Raw data section start
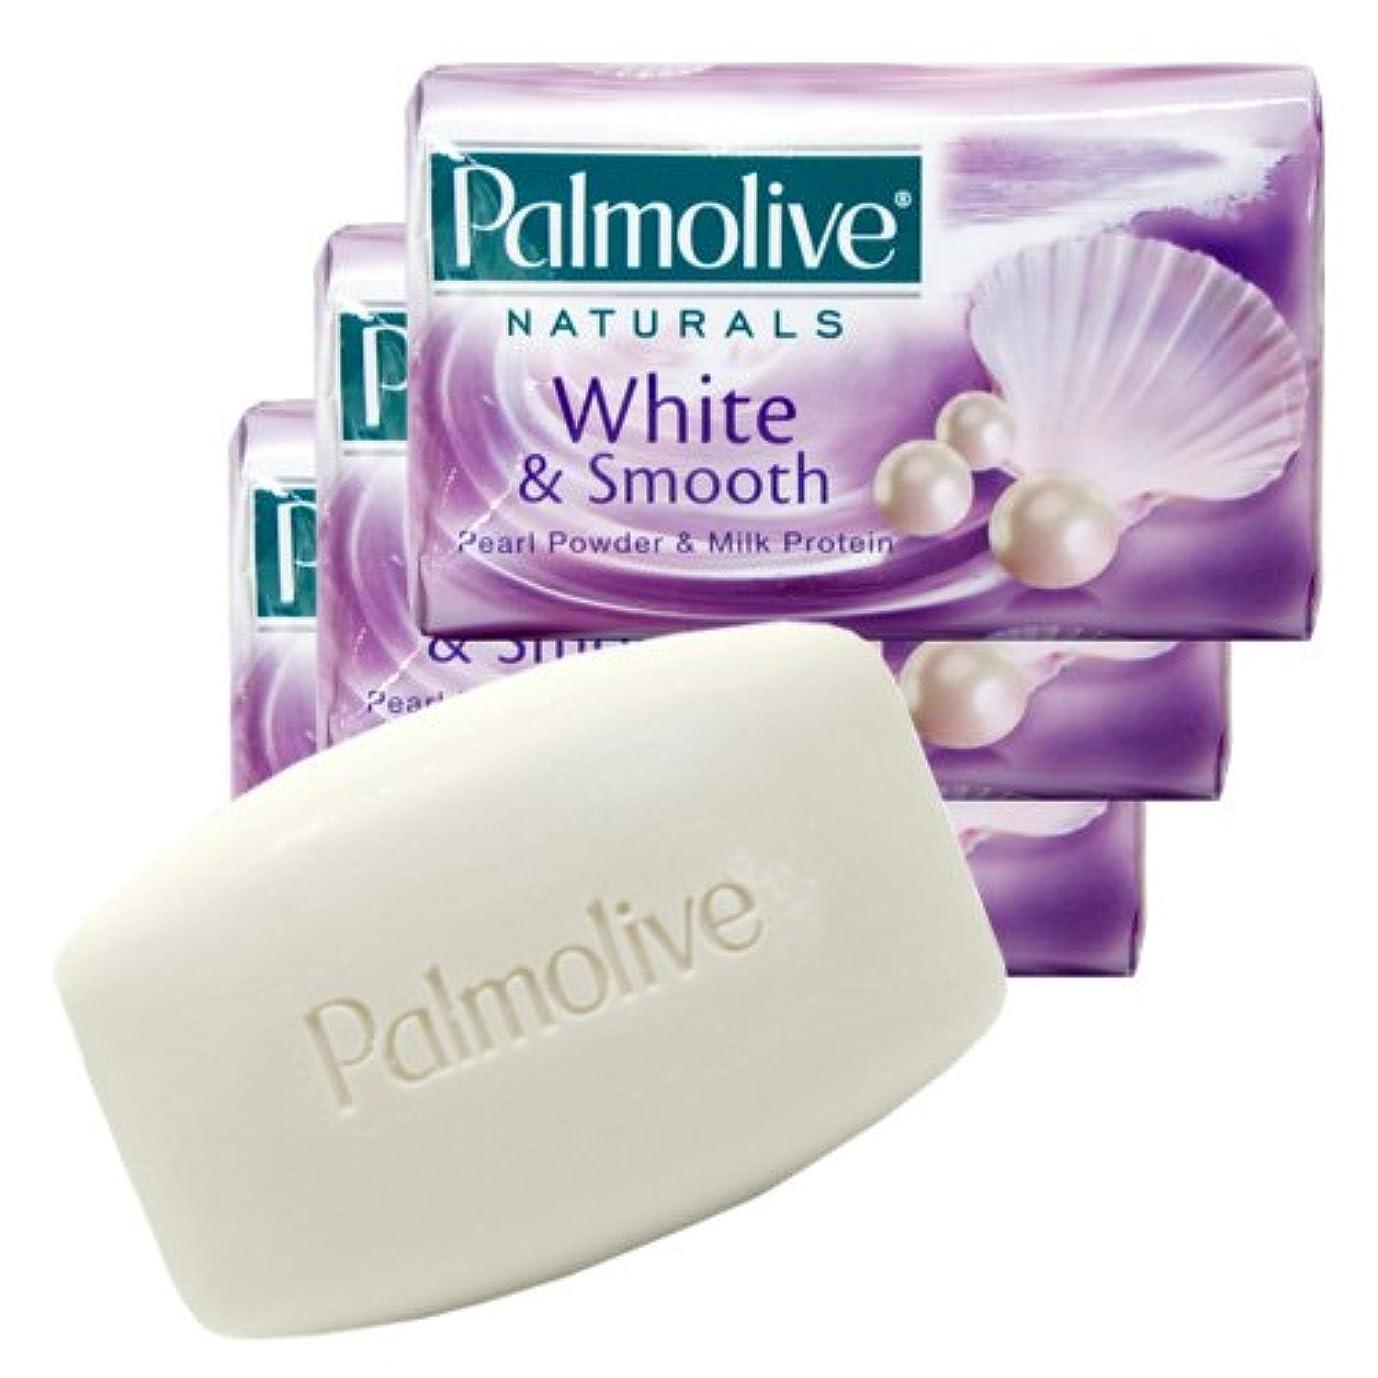 暖炉行う音楽【Palmolive】パルモリーブ ナチュラルズ石鹸3個パック ホワイト&スムース(パールパウダー&ミルクプロテイン)80g×3
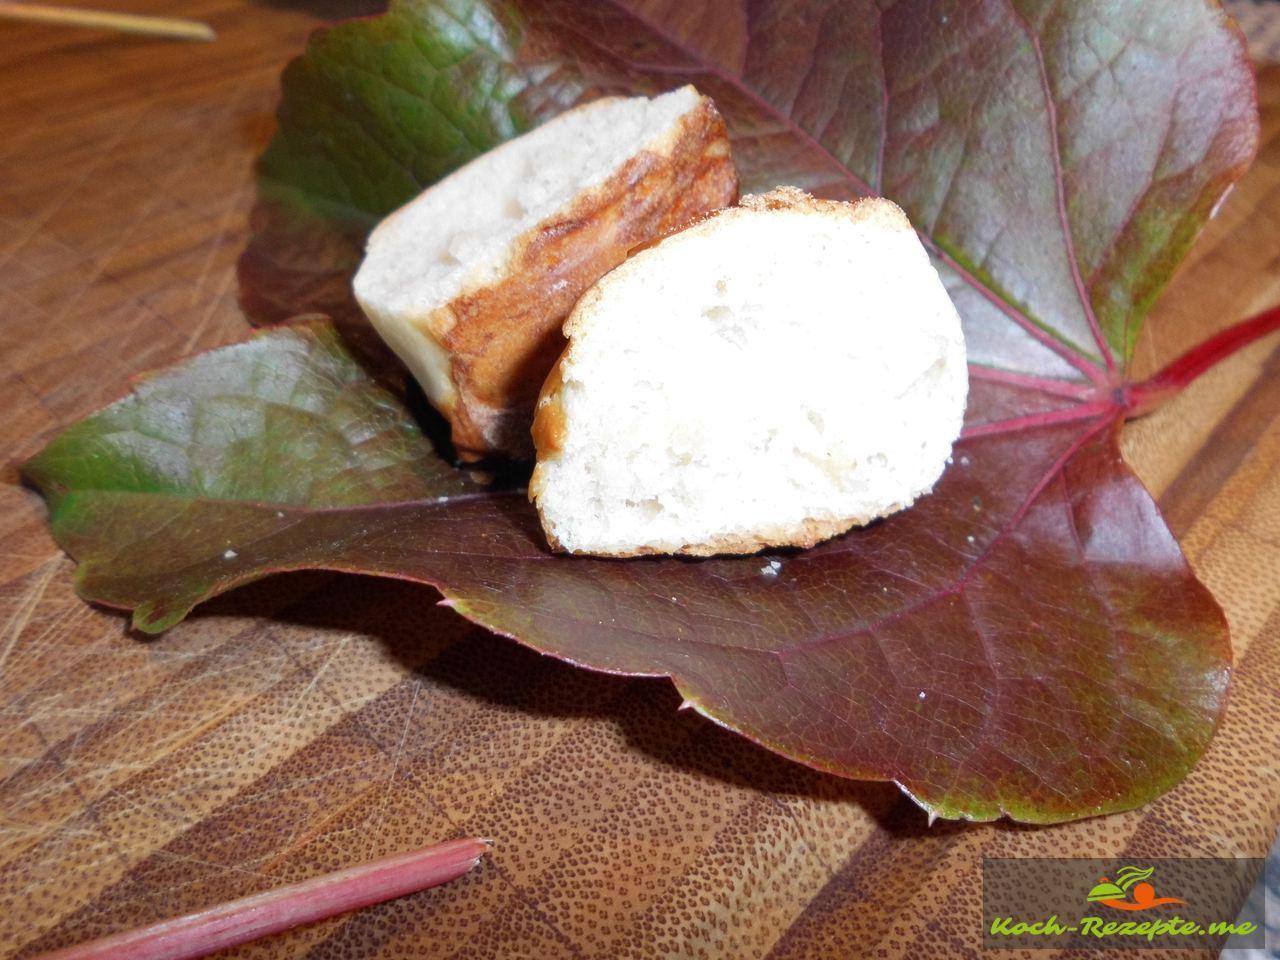 Laugengebäck mit Hefe hergestellt als Fingerfood innen sehr locker außen knusprig
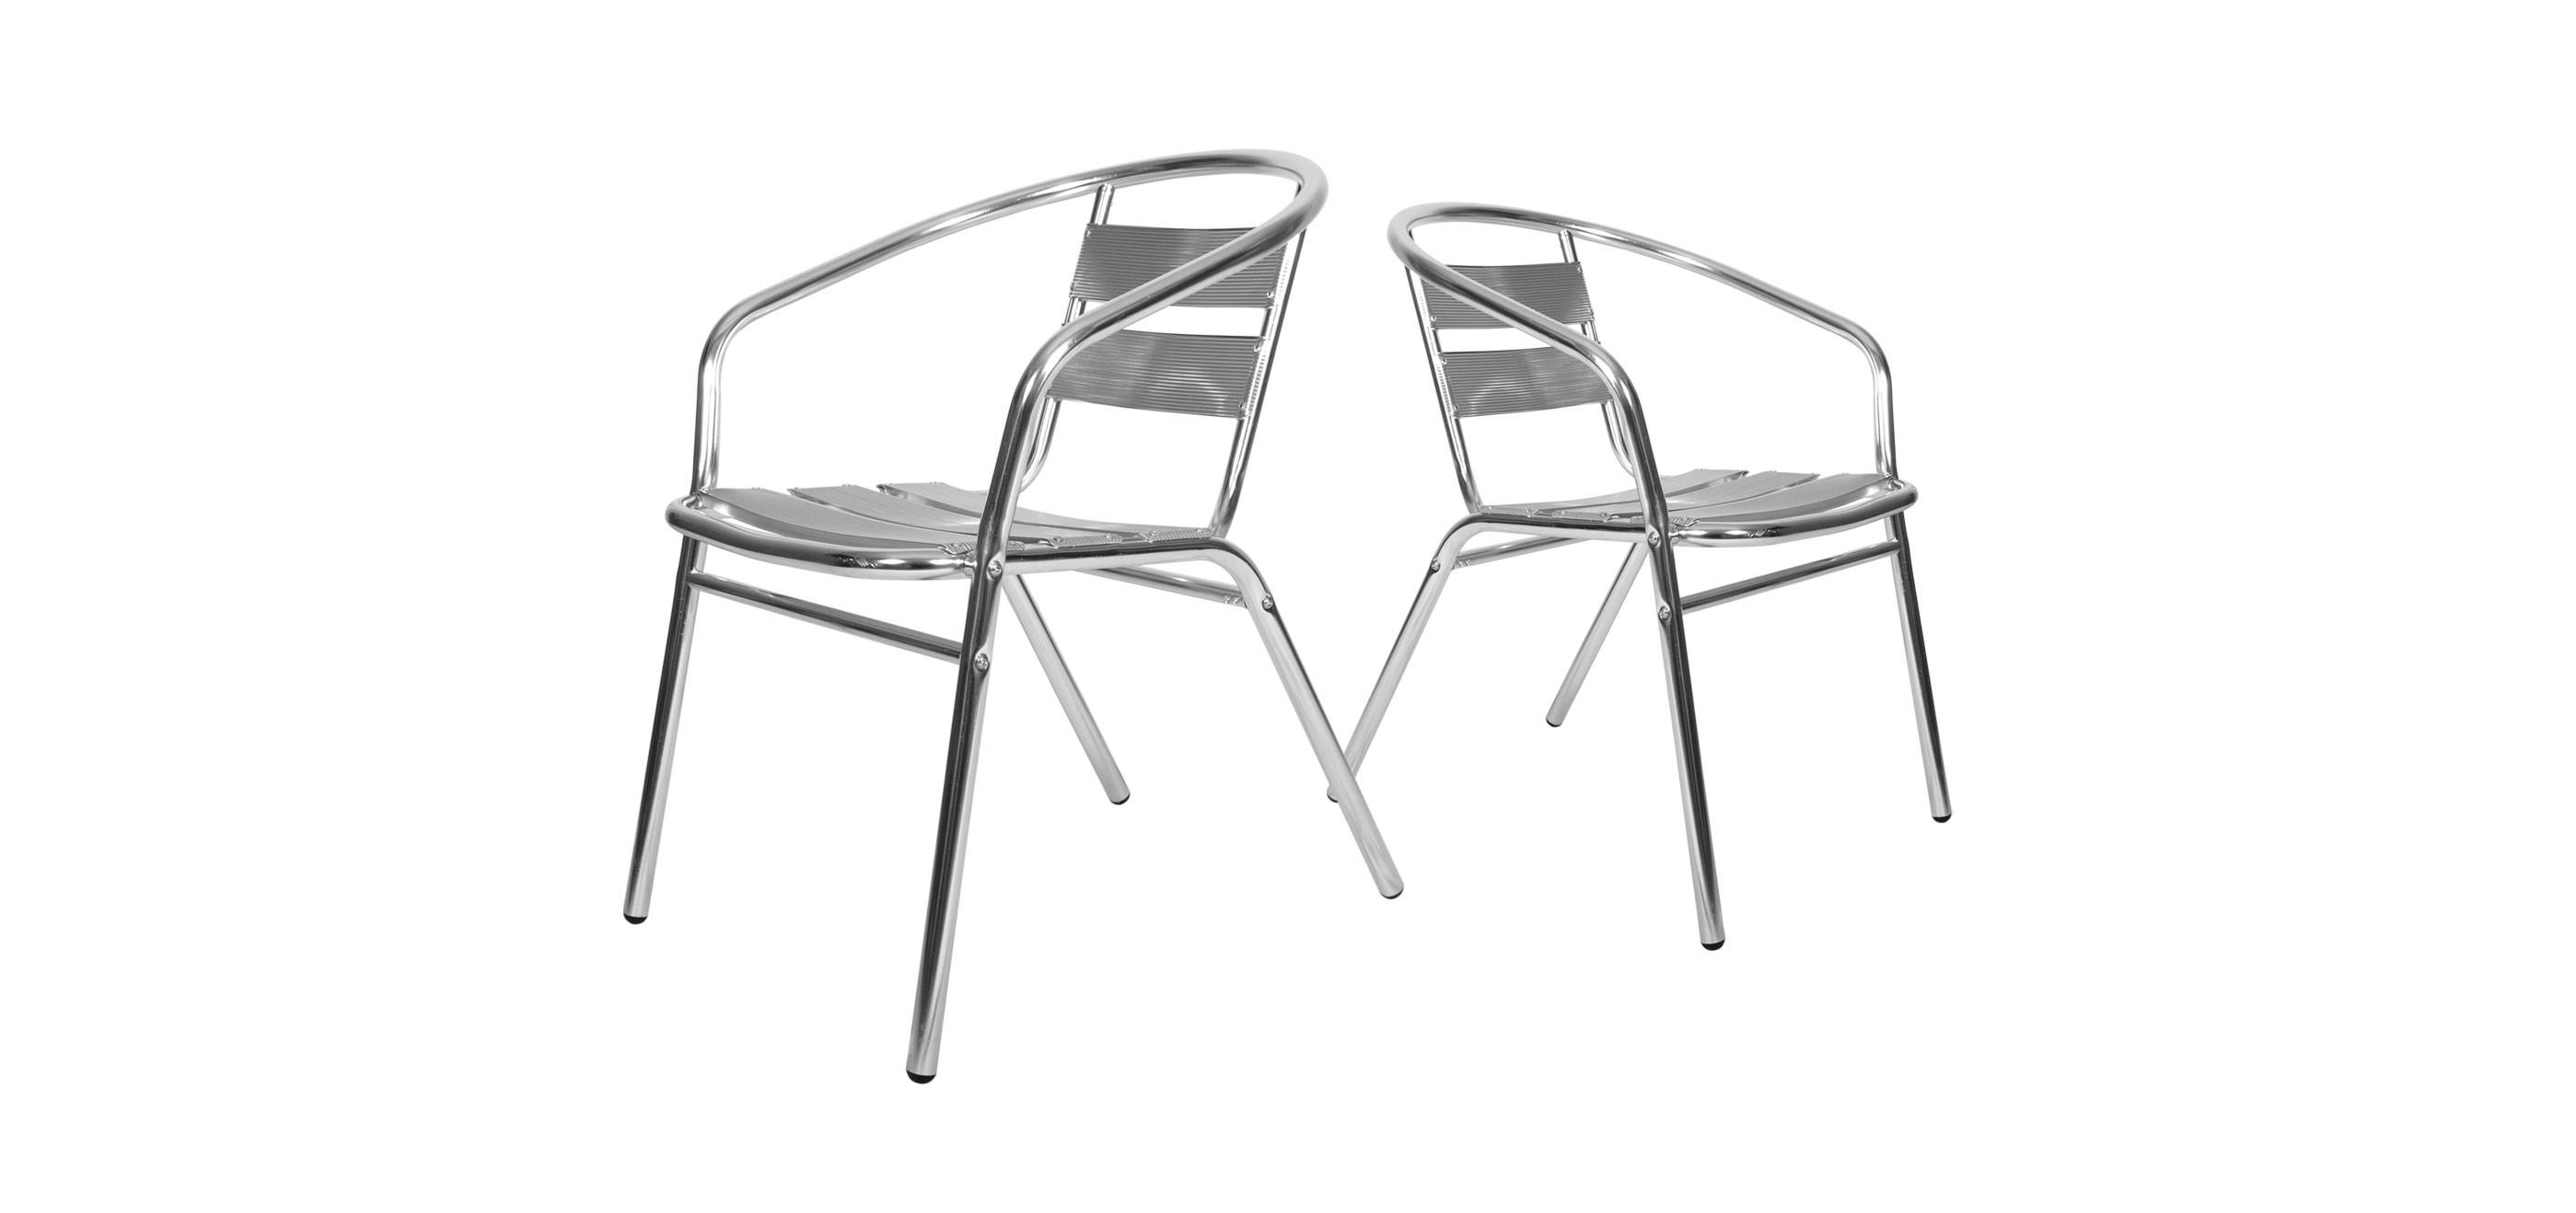 Chaise bistrot : découvrez nos lots de chaises bistrots en aluminium ...
Raw data section end
Problem statement
Output nothing but the lines from the one containing "Laugengebäck mit Hefe" to the end of the listing, both ends included, reproduced exactly. Pictures stay out.

Response to the exercise
 Laugengebäck mit Hefe hergestellt als Fingerfood innen sehr locker außen knusprig
 Chaise bistrot : découvrez nos lots de chaises bistrots en aluminium ...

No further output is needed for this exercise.